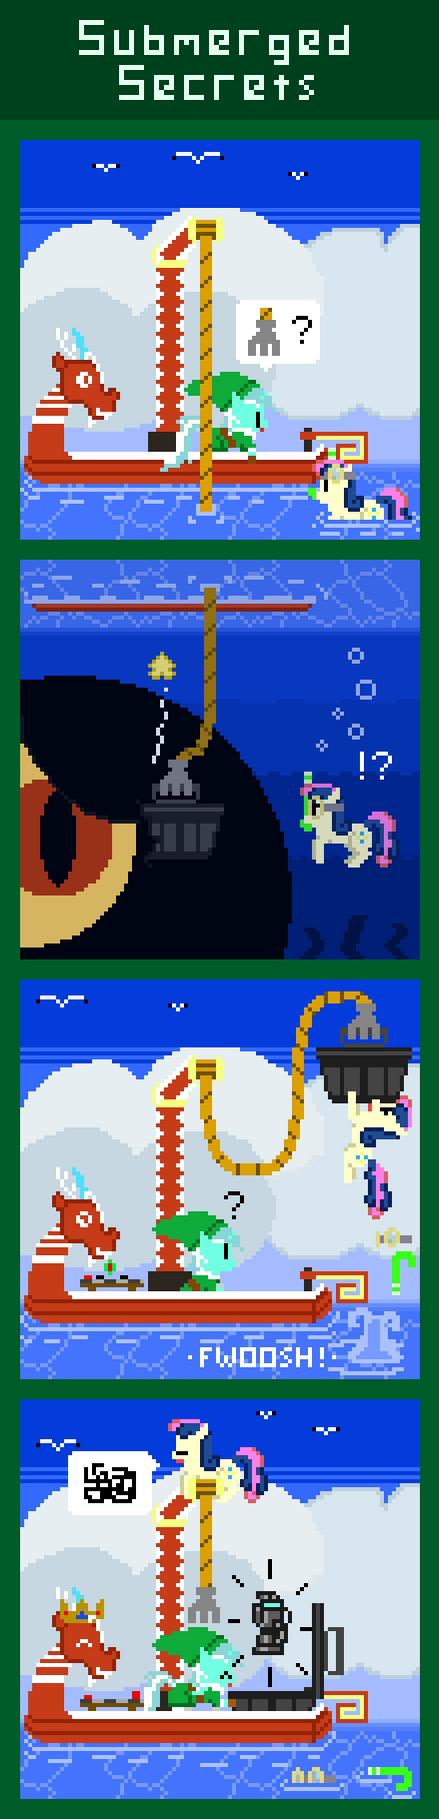 Submerged Secrets by Zztfox
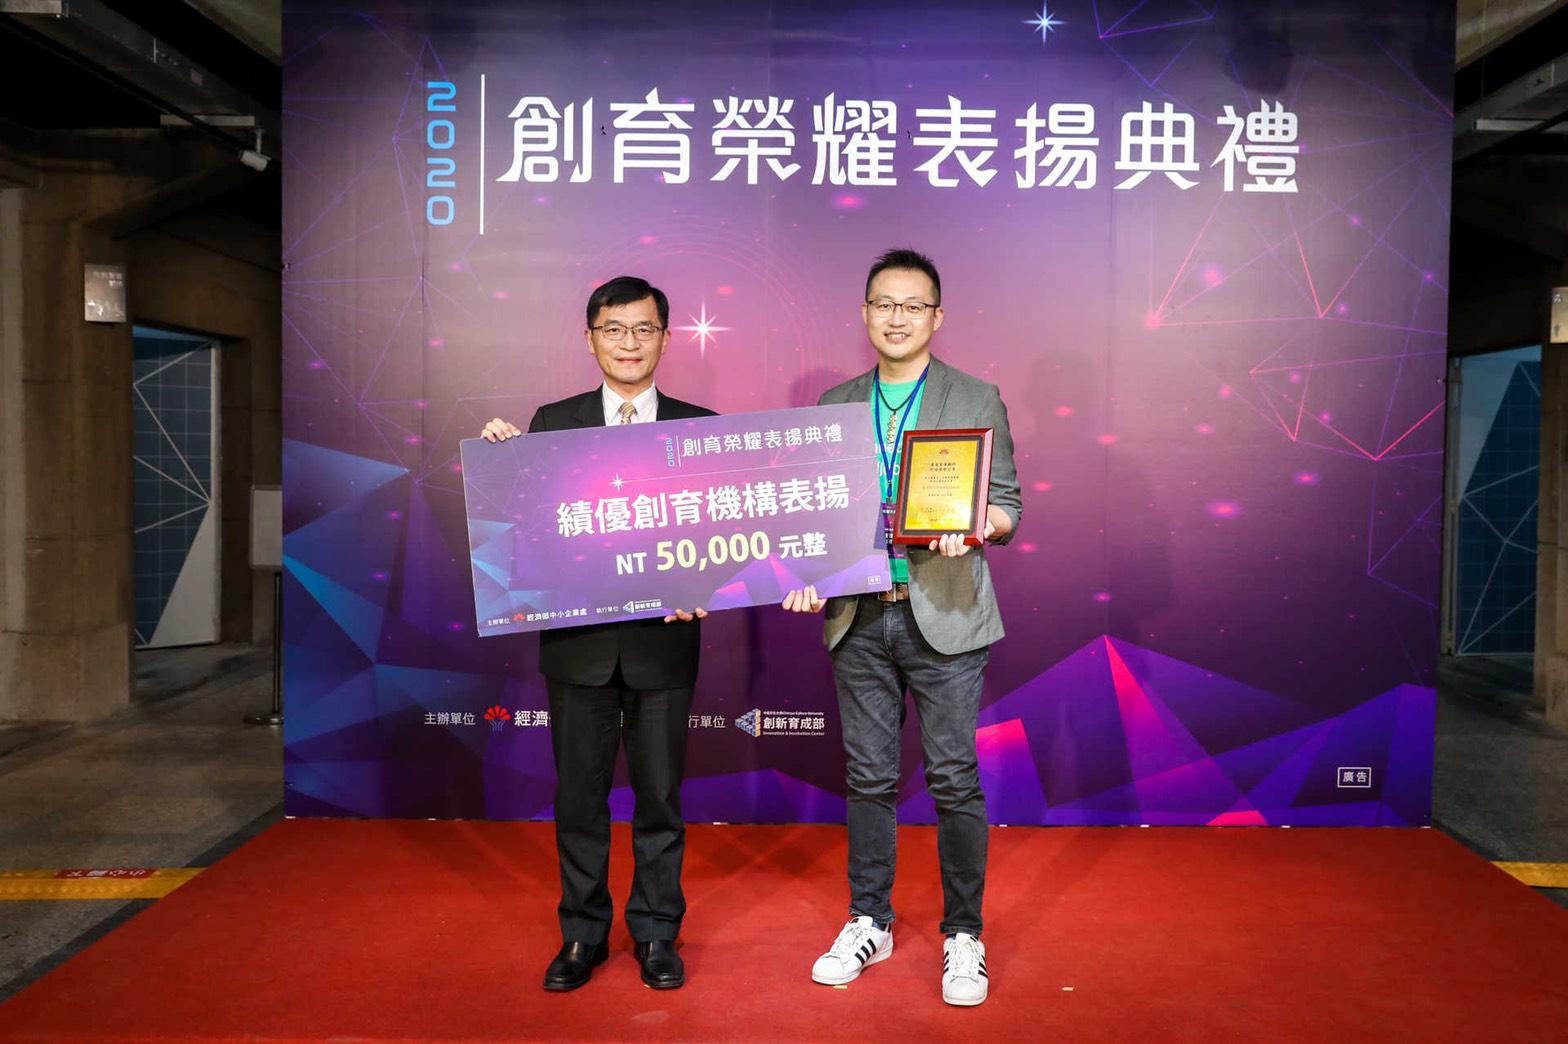 Starfab榮獲經濟部中小企業處109年度績優創育機構-國際創育加速器!
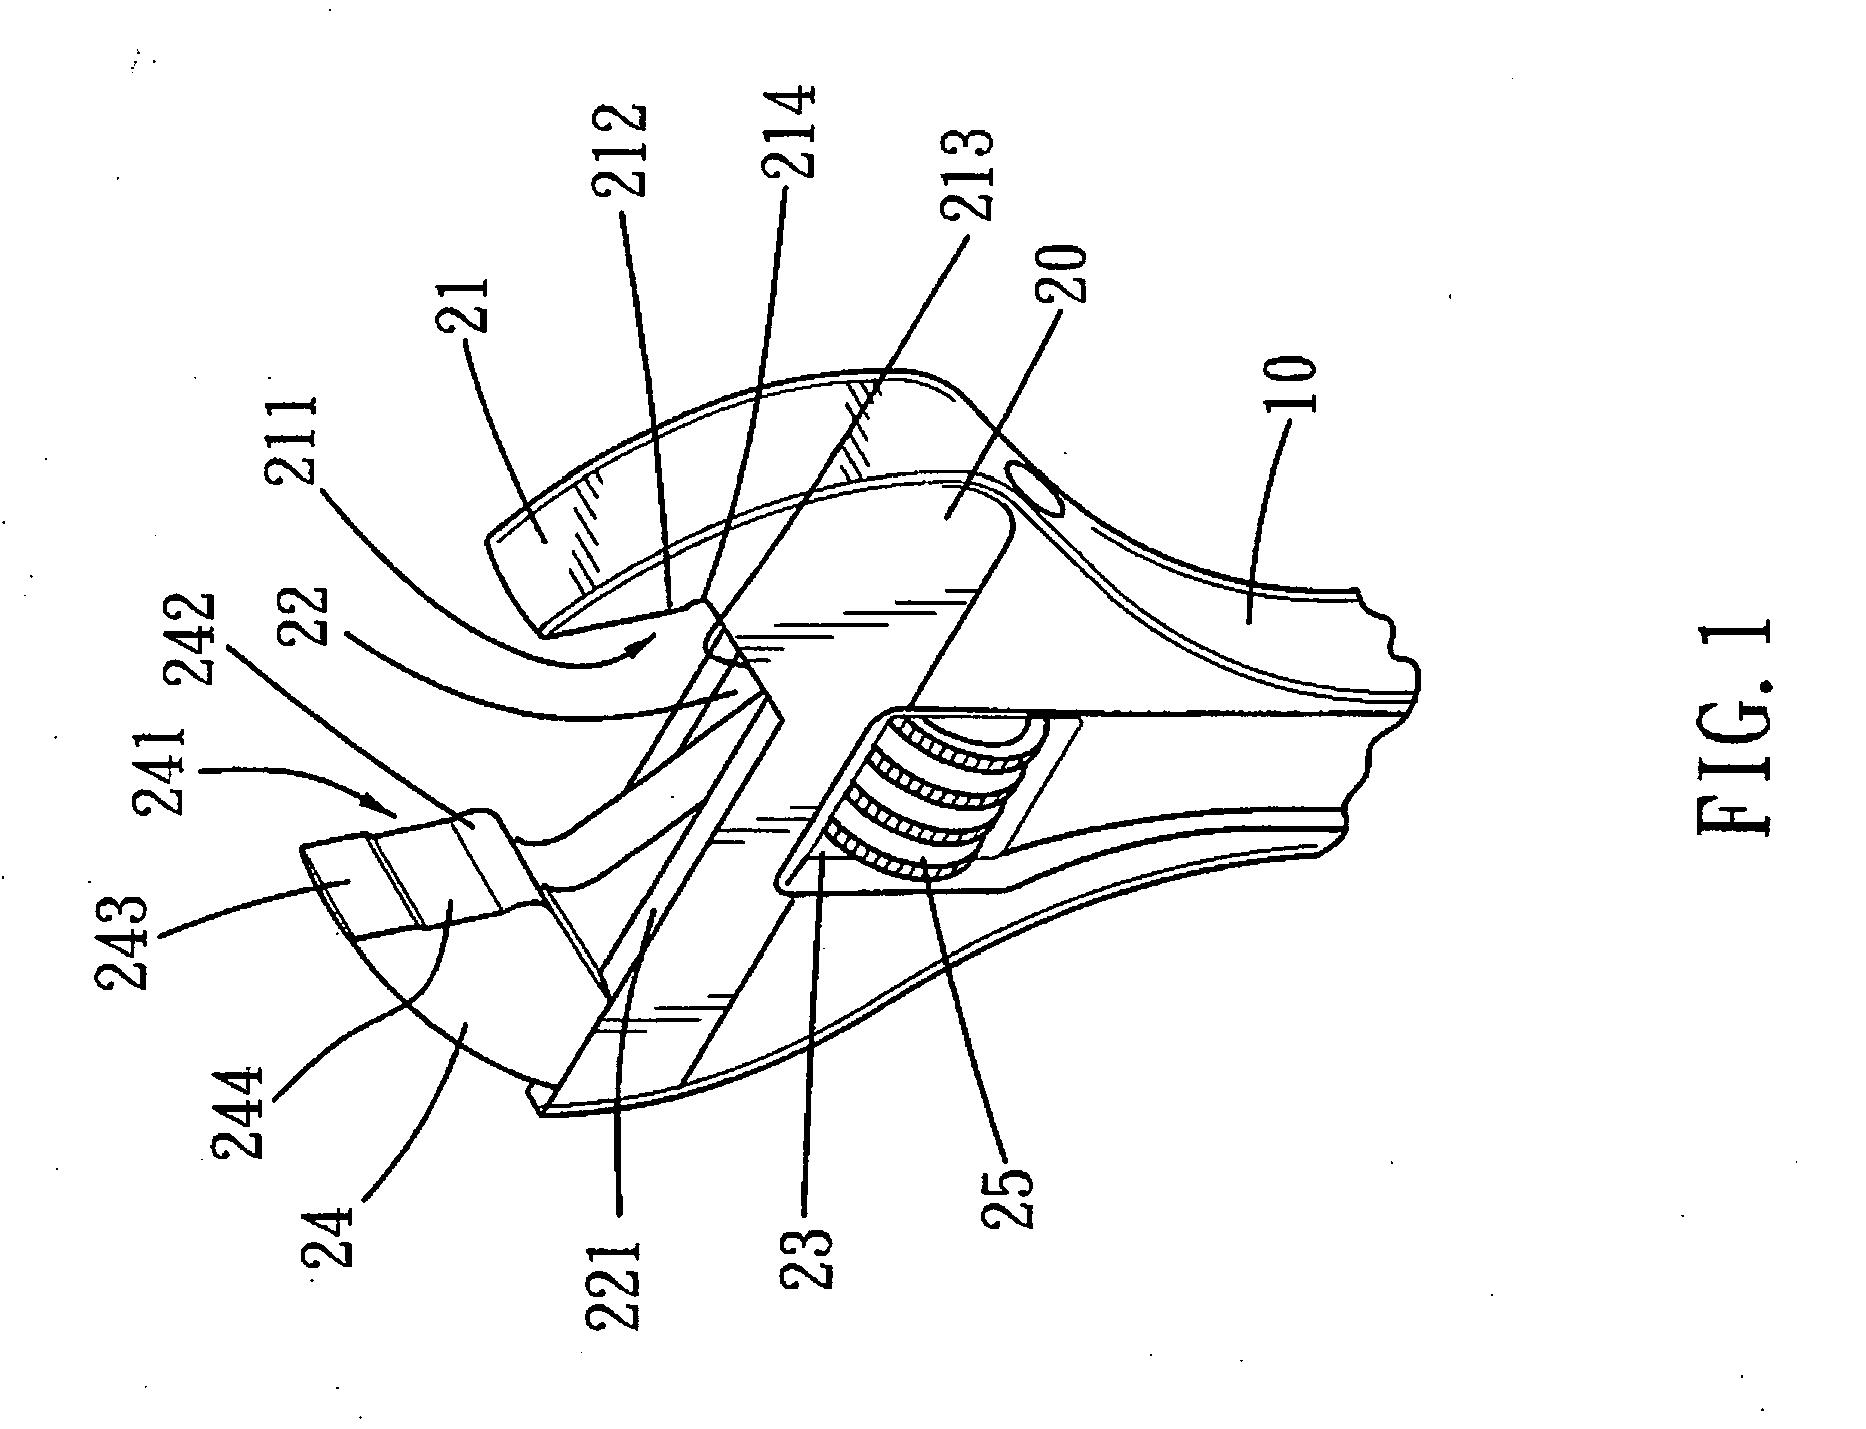 Patent Ep1918070b1
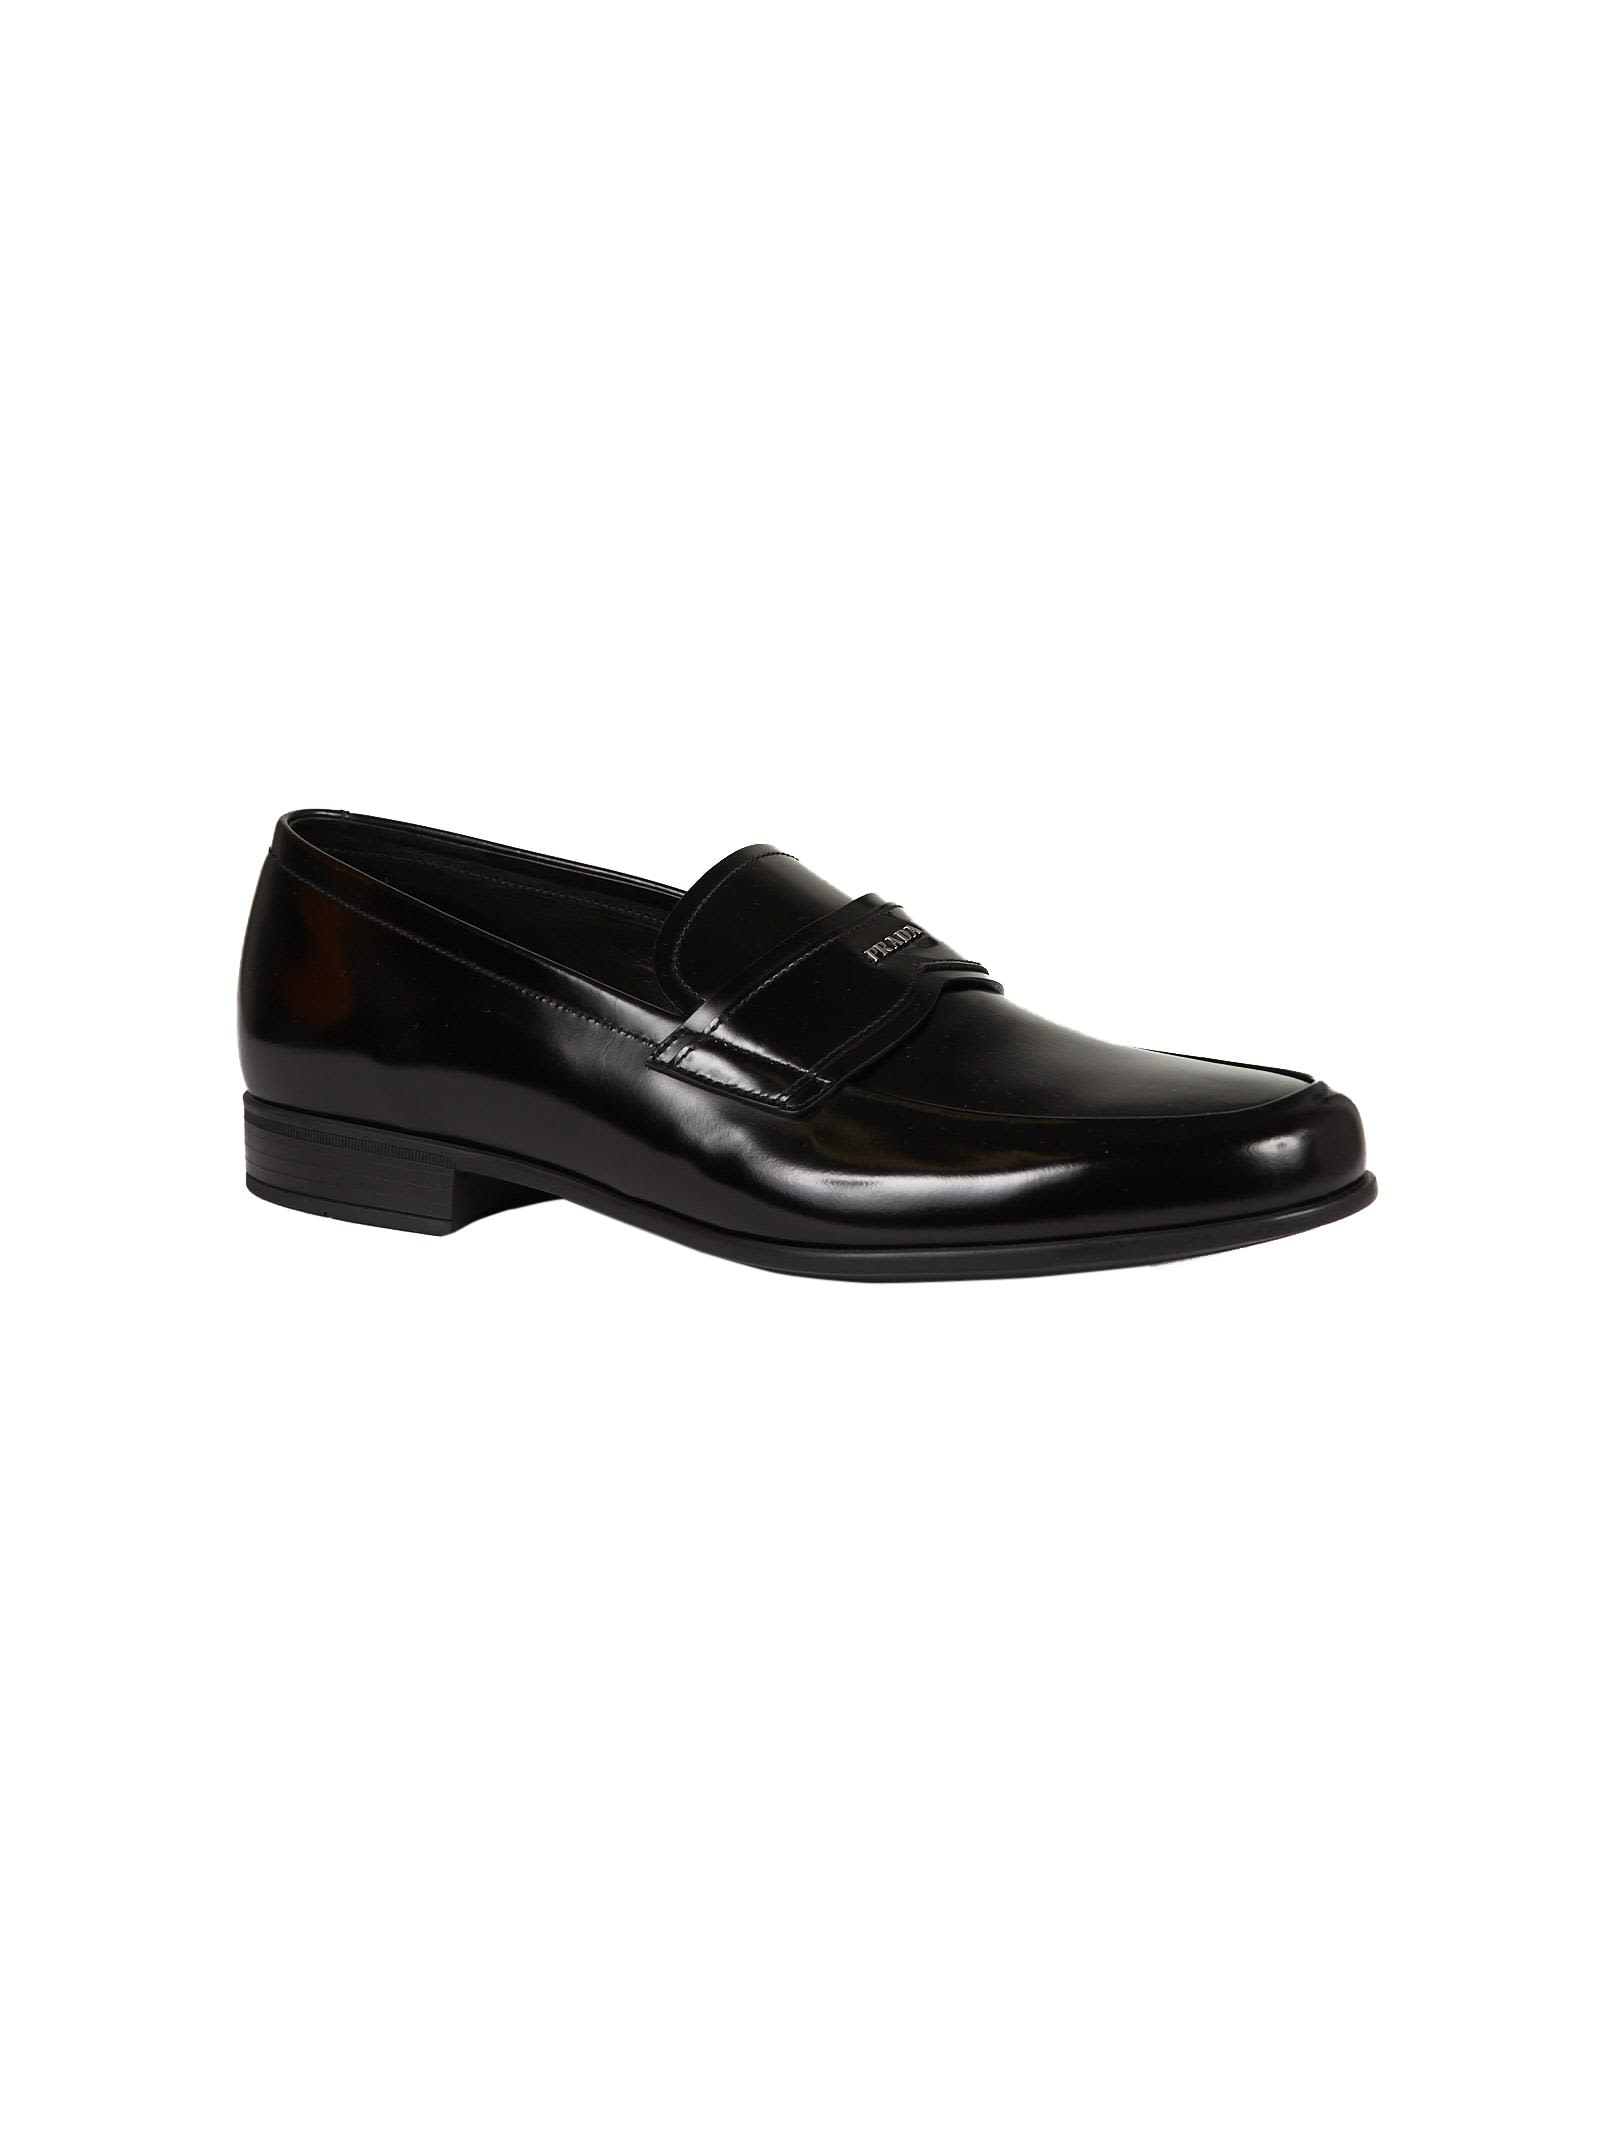 Prada classic derby shoes discount find great cheap sale authentic discount authentic KBLsl

▸ **PROBLEM DETAILS**: Pictures excluded, write out exactly and only the lines of the material from the one containing "Patent Ep1918070b1" up to and including the last line.

▸ **RESULT OF THE EXERCISE**:
 Patent Ep1918070b1
 Prada classic derby shoes discount find great cheap sale authentic discount authentic KBLsl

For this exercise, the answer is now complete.